Figure 19.5 in Chapter 19.8 of BBR shows an example with R code of visualizing the effect on log odds of a continuous predictor (cholesterol in that case). I think this would be a way to describe the relationship closer to what you wanted Lingxiao_Chen?


The continuous graph doesn’t need to think of intervals such as 10 years but provides the risk estimate at that age on the x-axis.
Figure 19.5 in Chapter 19.8 of BBR shows an example with R code of visualizing the effect on log odds of a continuous predictor (cholesterol in that case).

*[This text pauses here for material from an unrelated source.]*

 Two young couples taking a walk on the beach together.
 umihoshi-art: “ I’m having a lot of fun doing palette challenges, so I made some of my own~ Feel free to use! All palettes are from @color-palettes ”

I think this would be a way to describe the relationship closer to what you wanted Lingxiao_Chen?

Thank you so much again, Frank and Martin!

Take age in this JAMA publication as an example. The first step is to test whether we should use restricted cubic spine or some other similar technologies to model it. Assume there is no need to use restricted cubic spline, the second step is plot the age (x-axis) and the risk of removal (y-axis) based on different follow-up time points (in this example, 1 year, 5 years and 9 years). Just as Figure 19.5 in Chapter 19.8 of BBR. The final step is to use a multilevel Fine-Gary model to calculate the subdistribution hazard ratio. Are these the right steps to deal with the age?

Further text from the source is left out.